Health fears for children held after asylum family raid


Concerns were growing last night for the health of two asylum-seeker children seized in a dawn raid.


Oussama Benai, 11, who campaigners report has severe diabetes, and his younger sister Mayssa, who they say is being considered for an operation at Yorkhill Hospital, were removed in the early hours of yesterday morning with their mother Leila, 36. It is believed they have been taken to Dungavel detention centre.


Their father, Azeddine Benai, is understood to have escaped by jumping out the window of their flat at Kingsway in Glasgow.


The family, who sought asylum from Algeria, have lived in Glasgow for the last three years and the deportation by the Home Office echoed controversial dawn raids carried out in the area last year.


Politicians and campaigners hit out at the treatment of the children, following assurances by Jack McConnell, the First Minister, that dawn raids on families will be reconsidered.


The community is "devastated" by the move, said the headteacher of the school where Oussama was a pupil, and he criticised the "traumatic" treatment of the children.


The Home Office last night refused to comment on individual cases but insisted all protocols were followed.


According to the campaign group Positive Action in Housing (PAIH), immigration officials came to the family's home at 6:45am. It is thought Mrs Benai and her two children will be transferred to London to catch a flight tomorrow.


But Mr Benai has said the family face death threats in Algeria.


There was added concern for the children. PAIH said Oussama needs insulin, and they believe he fell ill shortly after raid. Mayssa, 2, was supposed to visit a consultant in Yorkhill hospital on or around the 24 October to decide if she needs a follow-up operation to improve breathing through her nose, the group said.


Donal Currie, headteacher of St Brendan's Primary, where Oussama is a pupil said: "The removal of asylum-seeker children in this way is not only traumatic for them, but is also extremely distressing for the rest of the school community.


"We at St Brendan's have been in this situation several times now and it creates anguish, worry and great sadness for everyone involved with the school."


Robina Qureshi, director of PAIH, said the raid brought back memories of the Vucaj family, originally from Albania, who were also removed in a dawn raid. That case was criticised by Kathleen Marshall, the children's commissioner, and led to Mr McConnell calling for a review of how dawn raids are dealt with.

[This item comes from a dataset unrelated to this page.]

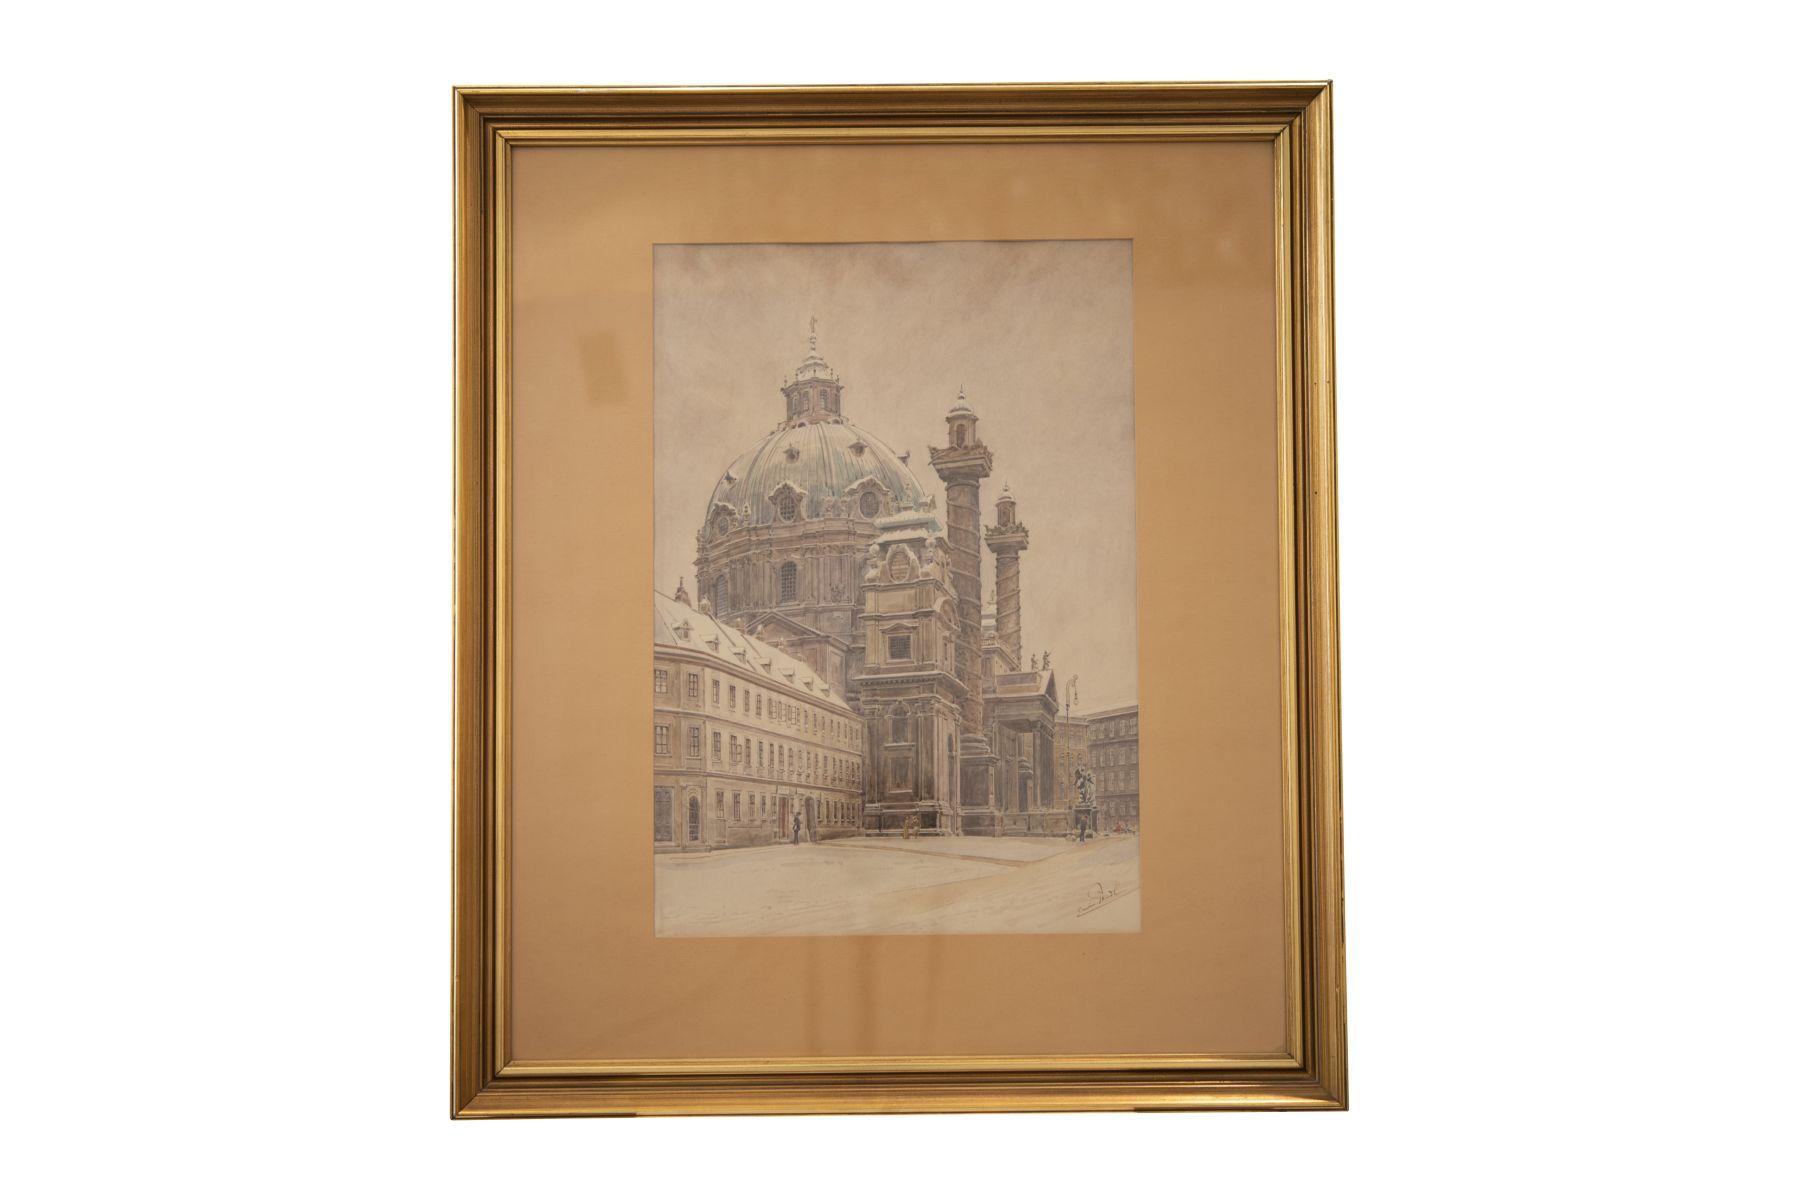 #129 Erwin Pendl (1875–1945), Karlskirche (Church of St. Charles), Vienna | Erwin Pendl (1875–1945), Karlskirche, Wien, Anfang 20. Jh. Image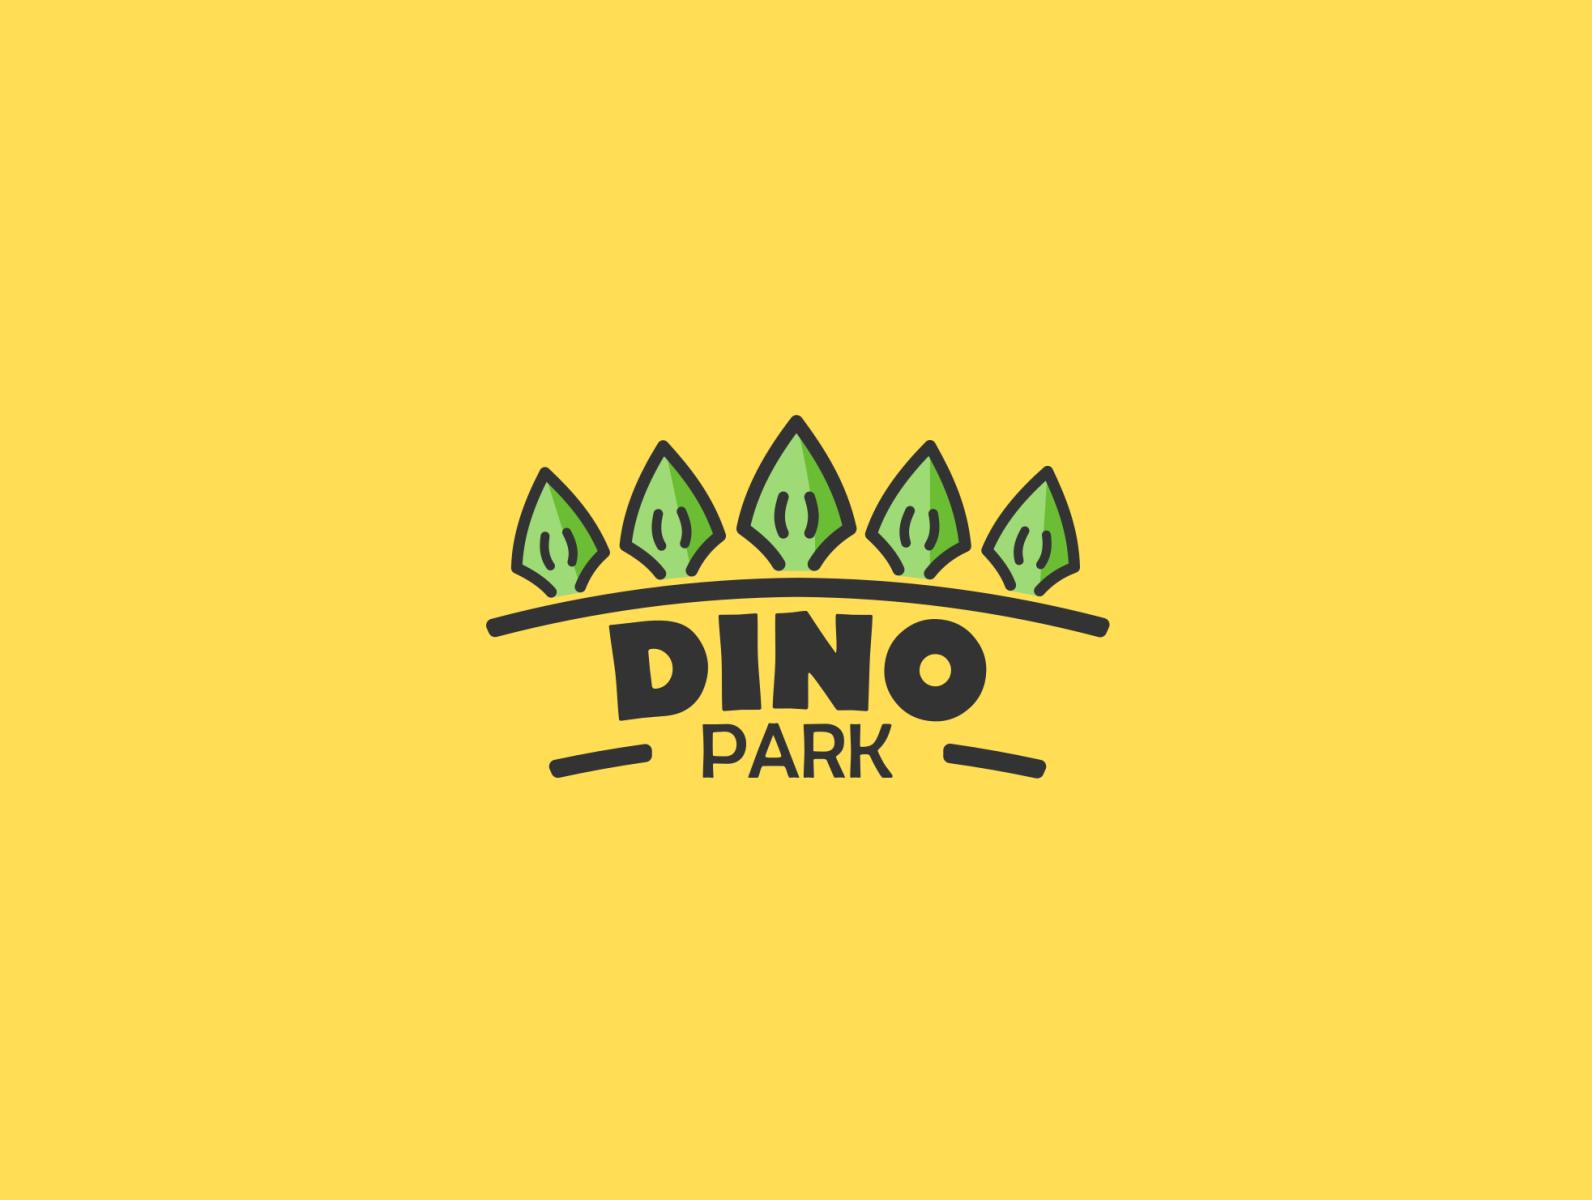 Daily Logo Challenge 35 50 Dinosaur Amusement Park Dino Park By Andrew On Dribbble

Ms Qureshi said: "It's communities as well as families who are being terrorised. It's exactly one year since the Vucaj kids were the victims of a dawn raid. There is no protocol and nothing has changed. Dawn raids are being carried out against innocent families and repeated all over Glasgow. Is this the kind of society we want to live in?"


Noreen Rea, 57, who is a neighbour of the Benai family, said, "I have friends and neighbours who are asylum-seekers, from the Ivory Coast, Albania, Algeria, everywhere. Every time a dawn raid happens here, we are devastated."


Sandra White, SNP MSP for Glasgow, said: "I ask Jack McConnell to stand up for all of the peoples of Scotland and implement legislation which will ensure that this disgraceful situation where families are being plucked from their homes in dawn raids is discontinued."